All’ombra dei grandi tigli erano disposti tavolinetti e poltrone di ferro battuto, ingentiliti da tovaglie e cuscini ricamati in tempi lontani; lì si ritrovavano ogni anno le zie, a volte con figli e nipoti giunti da Roma, cui si aggiungevano, in visita all’ora del thè, le vecchie amicizie urbinati.

Mi stupiva come i miei figli, solitamente vivaci, affascinati da quell’atmosfera démodé, sedevano compunti, conversavano amabilmente rispondendo con garbo alle domande, anche se di tanto in tanto lanciavano occhiate speranzose alla casa colonica poco lontana.

Da lì infatti usciva la contadina “del padijon” con un paniere colmo di cresce sfogliate, unica concessione ai tempi moderni, nonché le più buone che abbia mai mangiato.

Dalla villa invece usciva Albina, l’ultima cameriera di zia Clara, con il thè per le signore e le bibite per i bambini. Quando tutto era finito tornava Albina, reggeva un vassoio su cui erano disposti in bell’ordine minuscoli salviettini di spugna ritorti e ancora caldi, inumiditi di acqua di rose; li distribuiva con una pinza ai presenti perché ci potessimo togliere dalle dita le tracce del cibo. A questo punto i bambini avevano il permesso di alzarsi e giocare nel prato.

Quando divennero più grandicelli, finalmente liberi di correre si lanciavano in corse sfrenate con i cuginetti romani, lungo l’antico viale di cipressi che un tempo univa la Villa Tortorina al suo Padiglione di caccia. Più spesso giocavano a rimpiattino tra la casa colonica e l’orangerie, una piccola serra dalle linee eleganti dove ai tempi del Cav.
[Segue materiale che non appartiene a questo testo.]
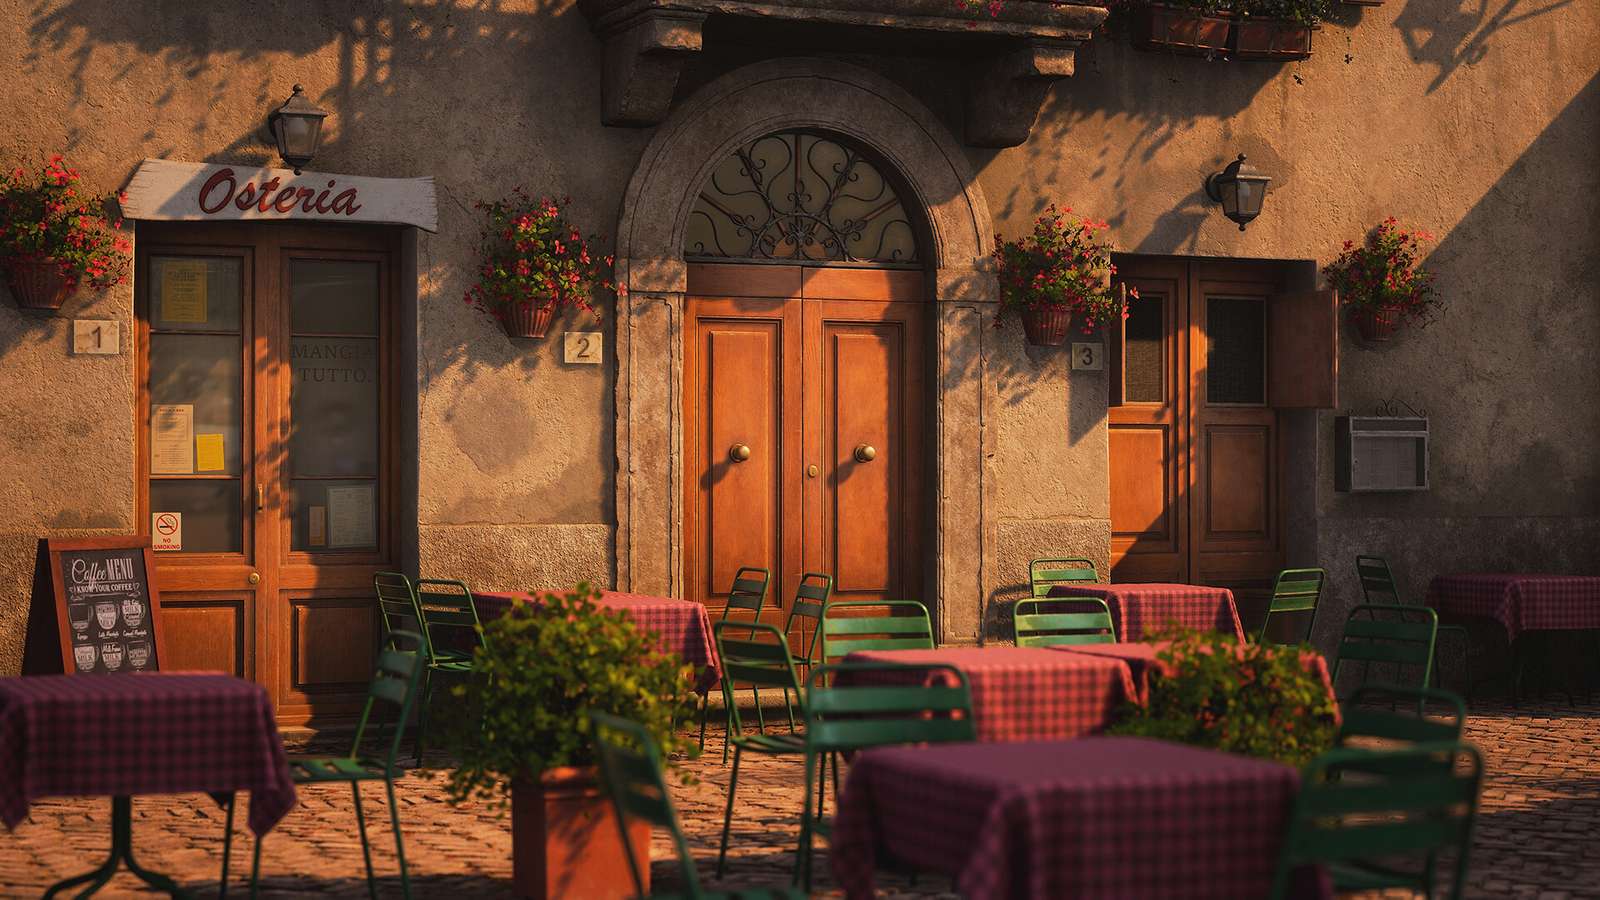 A small Italian cafe jigsaw puzzle online

Angelo Moscati trovavano riparo i grandi vasi di limoni. Le due ampie vetrate ad arco non conservavano ormai più tracce dei vetri, ma le eleganti lesene che percorrevano la facciata denunciavano chiaramente la nobile origine.

Passarono gli anni, ad una ad una le zie scomparvero, era rimasta soltanto Giselda quando un pomeriggio d’agosto giunse al Padiglione un incaricato del Comune a parlare di esproprio.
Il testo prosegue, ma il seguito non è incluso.